In order to be successful, the first step in understanding search is to ascertain whether there is enough search volume for your chosen phrases to sustain your business or make a return on your invested time. If a visitor typically buys a small value item, you need to generate a large volume of them. If they don’t search online for those items, then search is not a viable option.
Search has two options – paid or organic. Which one you will target will depend on your budget, your commitment to building a brand and its accompanying content, and the timescale within which you want to start driving traffic. If you’re not prepared to invest in a brand building campaign, or need results immediately, then go for the paid option.
Paid search is fantastic when you need quick search presence and need to start driving traffic immediately. Care needs to be taken to understand the value of a visitor to your site. So divide your average revenue per customer by the number of site visitors that it took to get you that revenue and you have your value per visitor. Now bidding on keywords becomes easier and the whole system becomes easier to manage.
Email Marketing
Email is a push form of marketing, whereby information is pushed out to potential customers. Email is a great digital tool to use because of its proactive nature. Whilst search relies on waiting for people to search, email actively approaches your audience with your marketing message. Getting email marketing right takes some expertise, and getting it wrong can result in your campaign failing most dramatically.

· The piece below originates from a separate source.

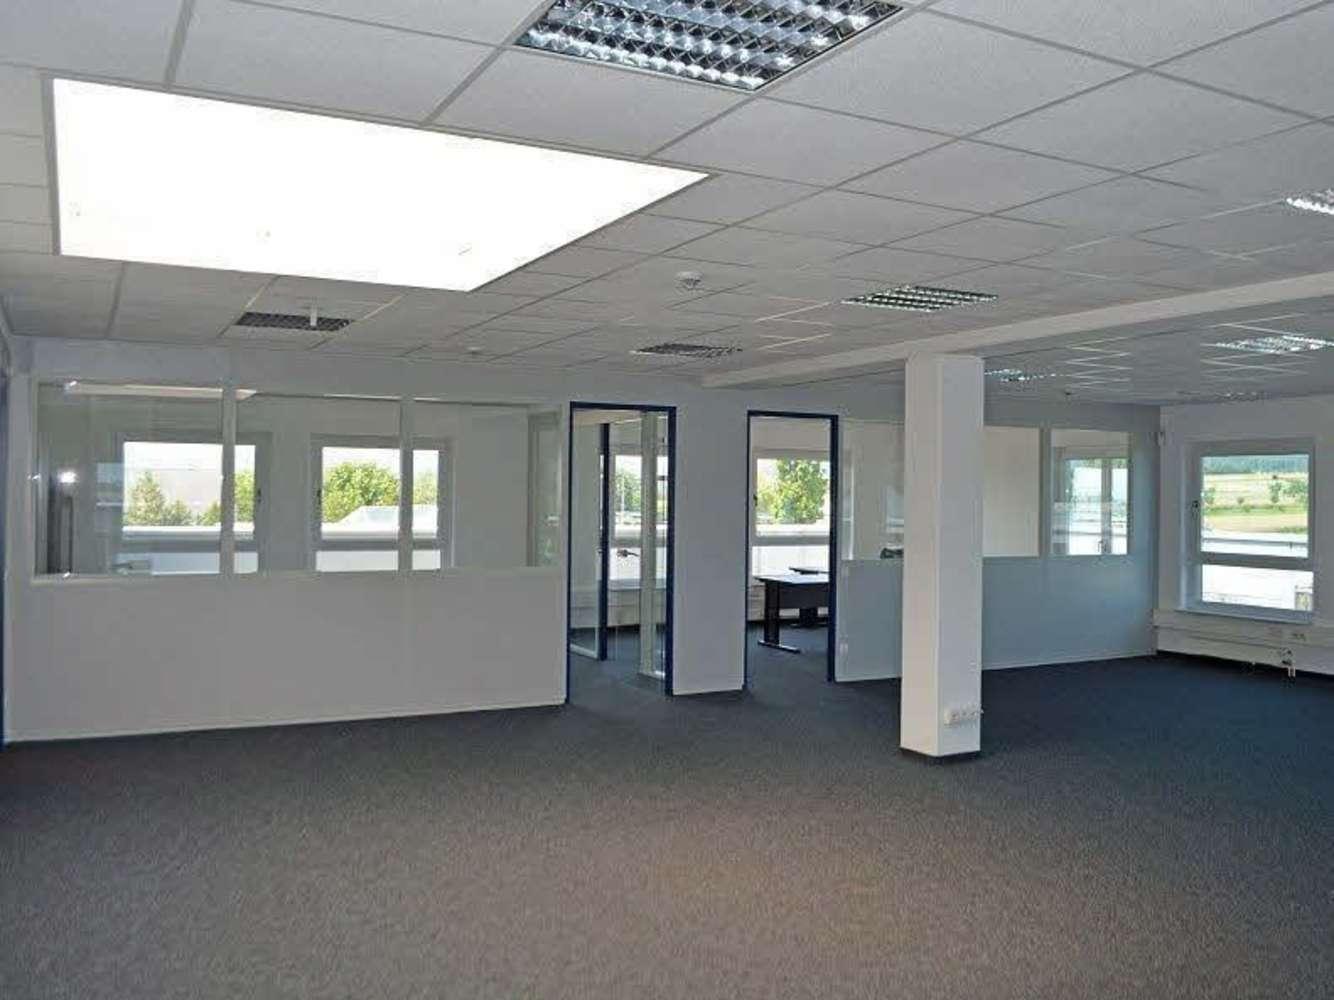 Büros Hofheim am taunus, 65719 - Büro - Hofheim am Taunus, Wallau - F1005 - 9853260

We all get bombarded with email on a daily basis. Email marketing is a noisy channel. To stand out amongst the background noise your email campaigns need to be highly targeted, highly relevant, highly useful and perhaps quite creative in your approach.
Social Media
The new kid on the block… or is it? The web is actually a large social network, with references to other people’s content. The social media sites simply allowed 2 way interaction on this content all within the same page, but there was previously nothing stopping me from commenting about someone else’s content on my own website, and linking to that content.

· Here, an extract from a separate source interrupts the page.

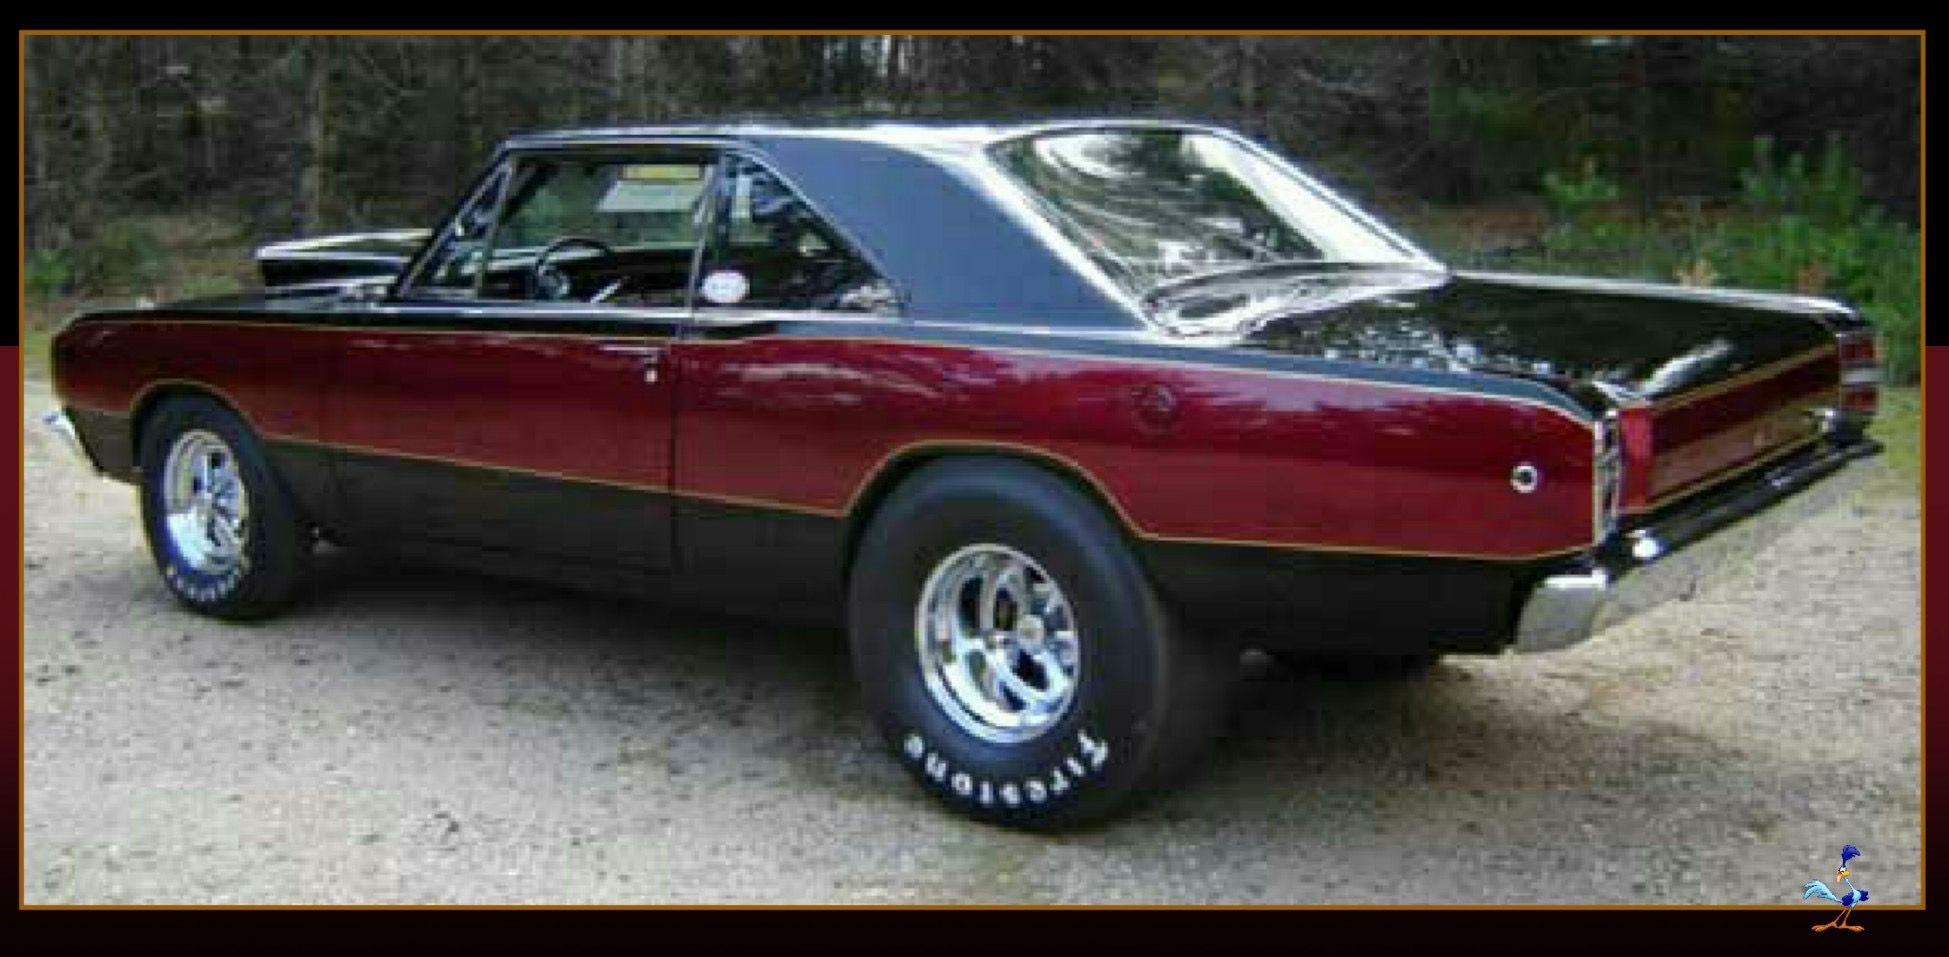 68 Dodge Factory Hurst 426 Hemi Super Stock Dart Mopar Muscle

Social media is a collective term for a number of marketing channels: blogs, social networking, micro-blogging, commenting, reviewing, etc. Anything interactive, that invites participation from readers and two-way dialogue might be considered as social media.

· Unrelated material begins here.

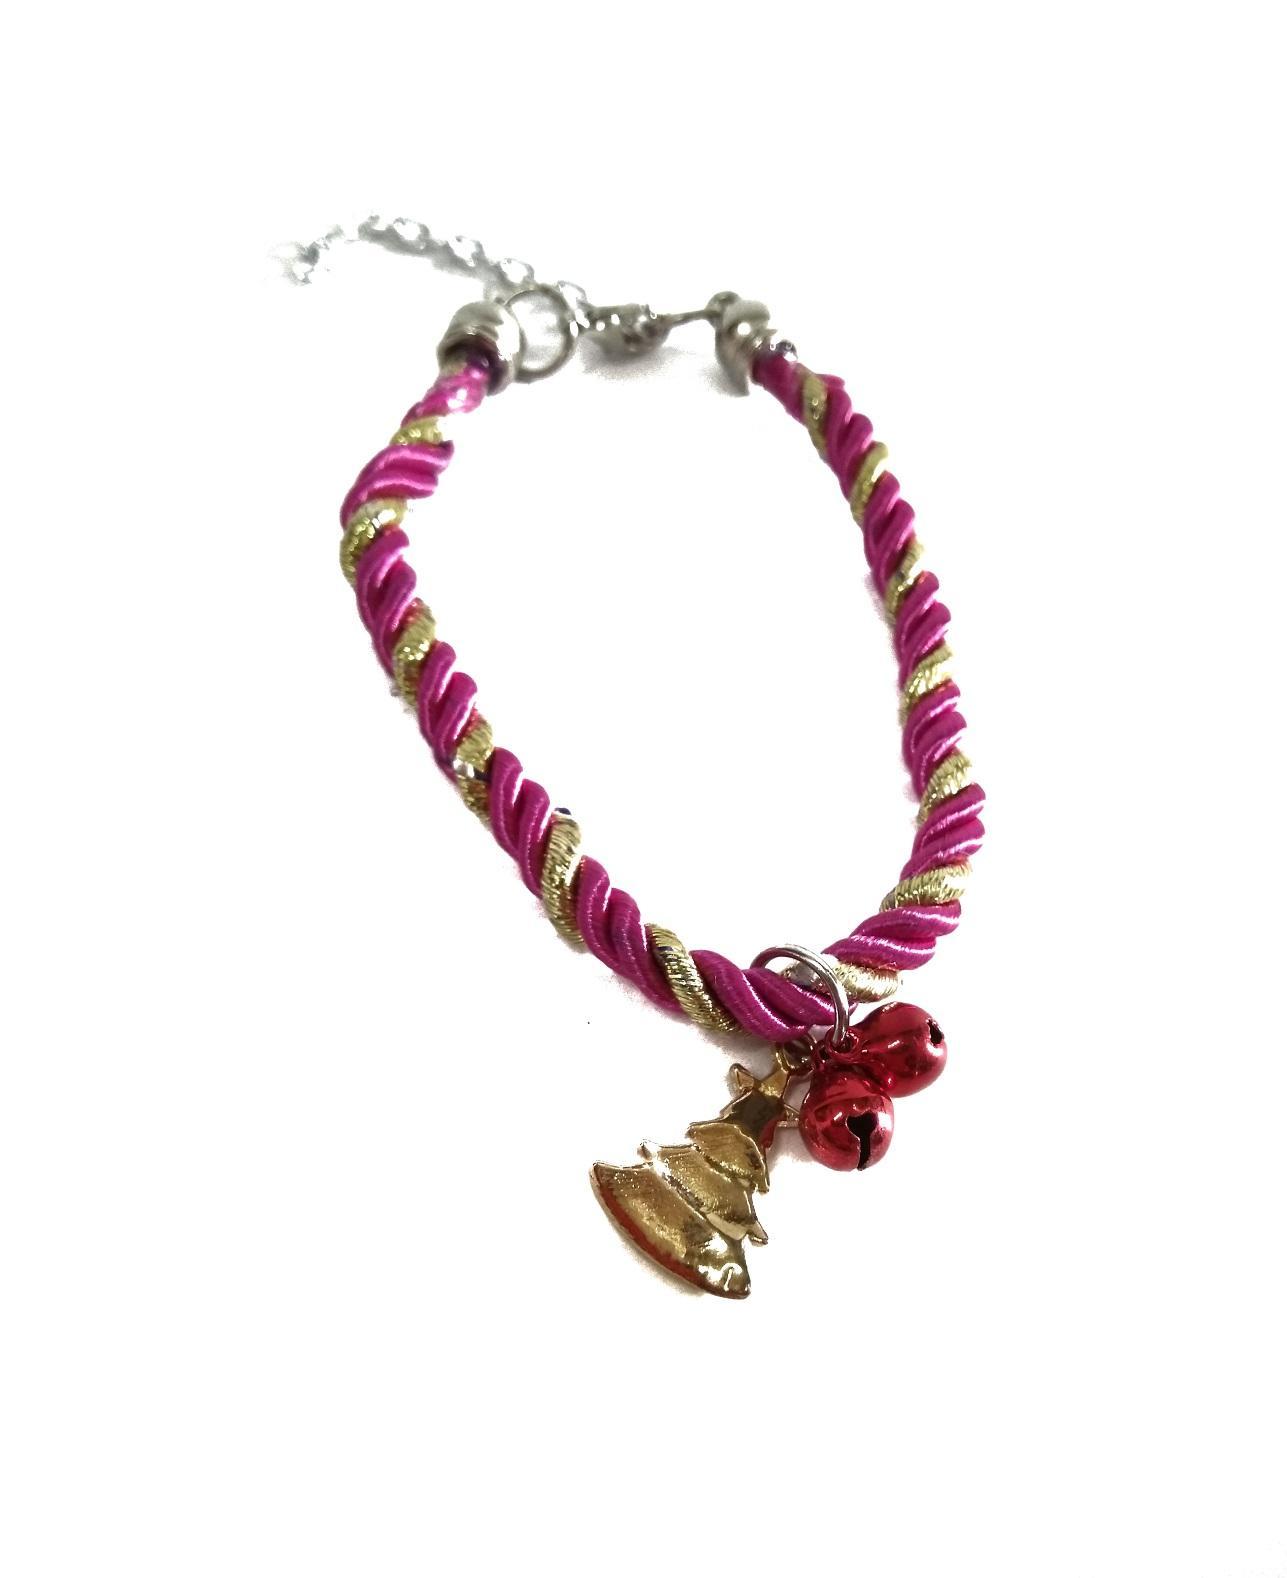 Kalung Anjing Kucing Tali kepang dengan dua kerincing kecil

The rules of engagement within social media for marketers are different to those employed in many other channels. Social media frowns upon overly promotional interaction. the whole point of social media is to build advocates for your brand based on trust, authority and expertise, demonstrated by providing leading knowledge insights that are useful to other members of the community. Sales are increased by the rise in brand popularity and the demonstration of expertise in a field.
Measure!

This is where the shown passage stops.